INPUT DATA>
****
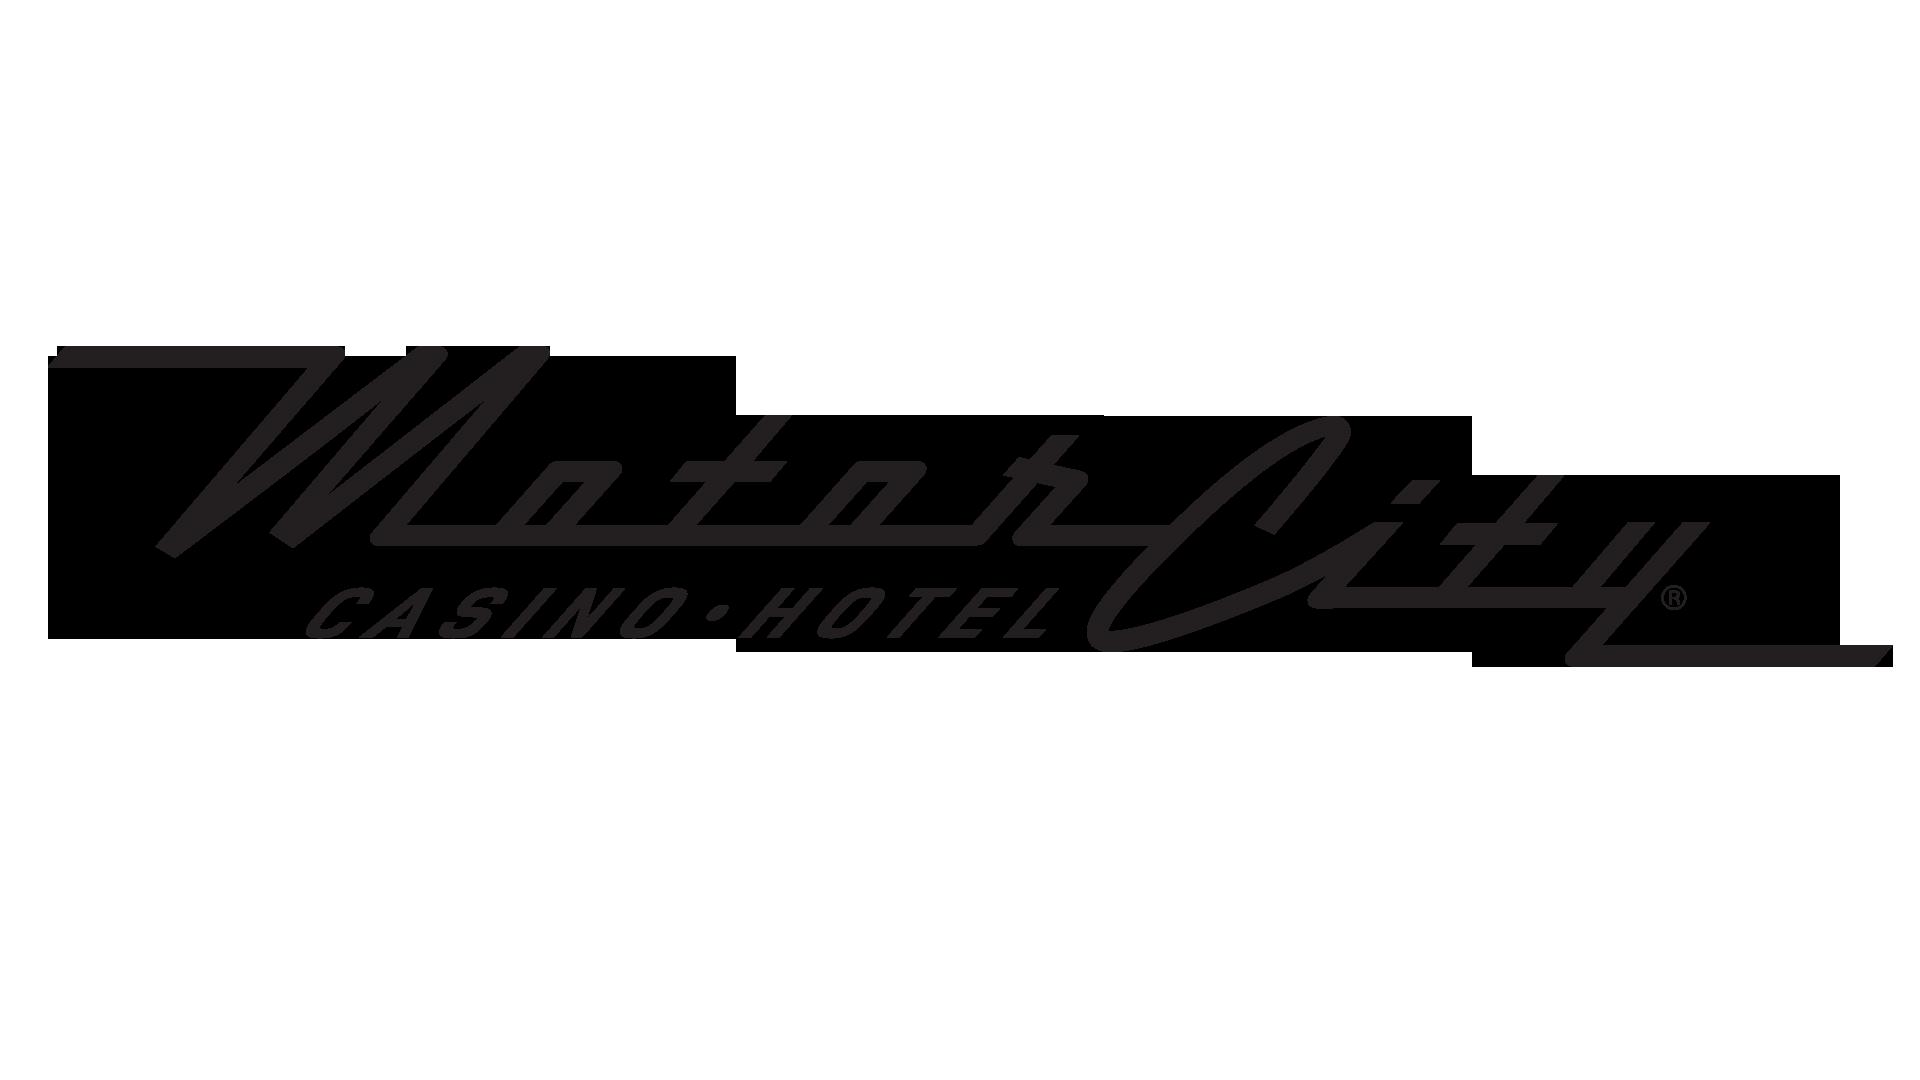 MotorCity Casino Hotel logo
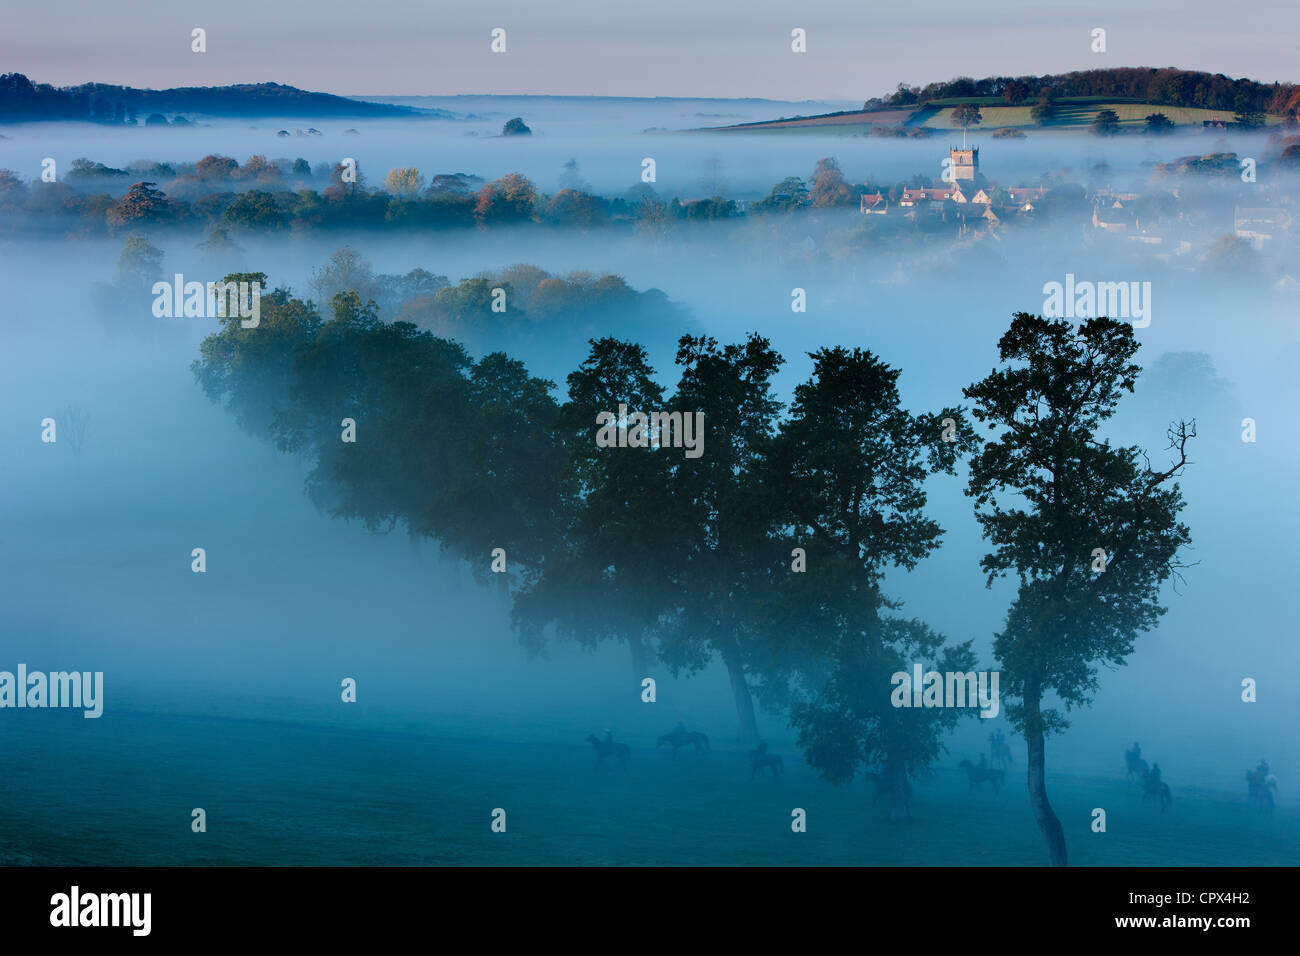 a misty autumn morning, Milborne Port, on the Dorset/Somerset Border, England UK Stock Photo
****
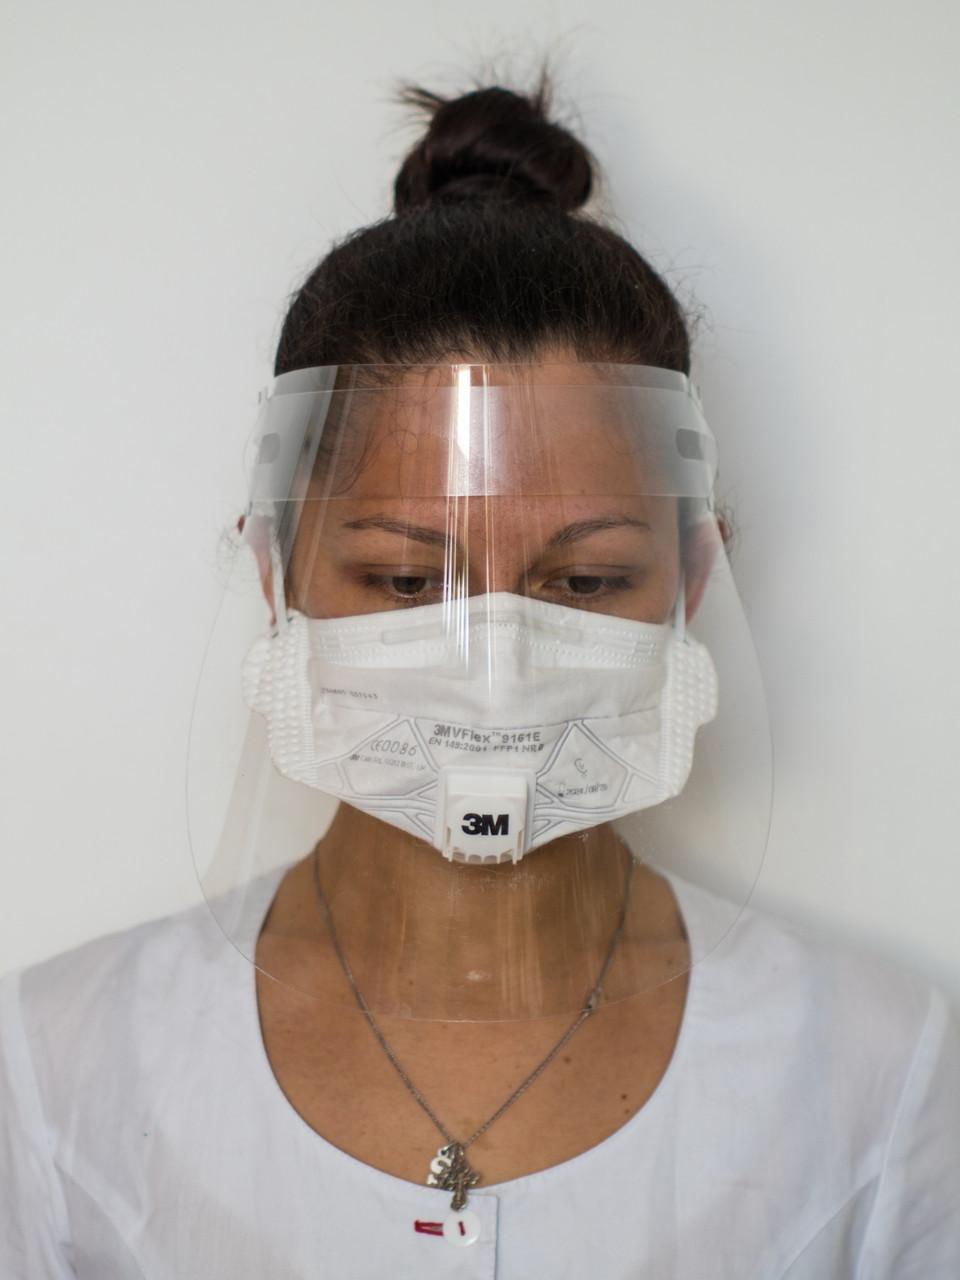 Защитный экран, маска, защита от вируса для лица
****
TASK STATEMENT> Only the lines between the one with "MotorCity Casino Hotel logo" and the one with "a misty autumn", those two included, get copied from the material above. Keep it exact and free of pictures.

RESPONSE BELOW>
 MotorCity Casino Hotel logo
 a misty autumn morning, Milborne Port, on the Dorset/Somerset Border, England UK Stock Photo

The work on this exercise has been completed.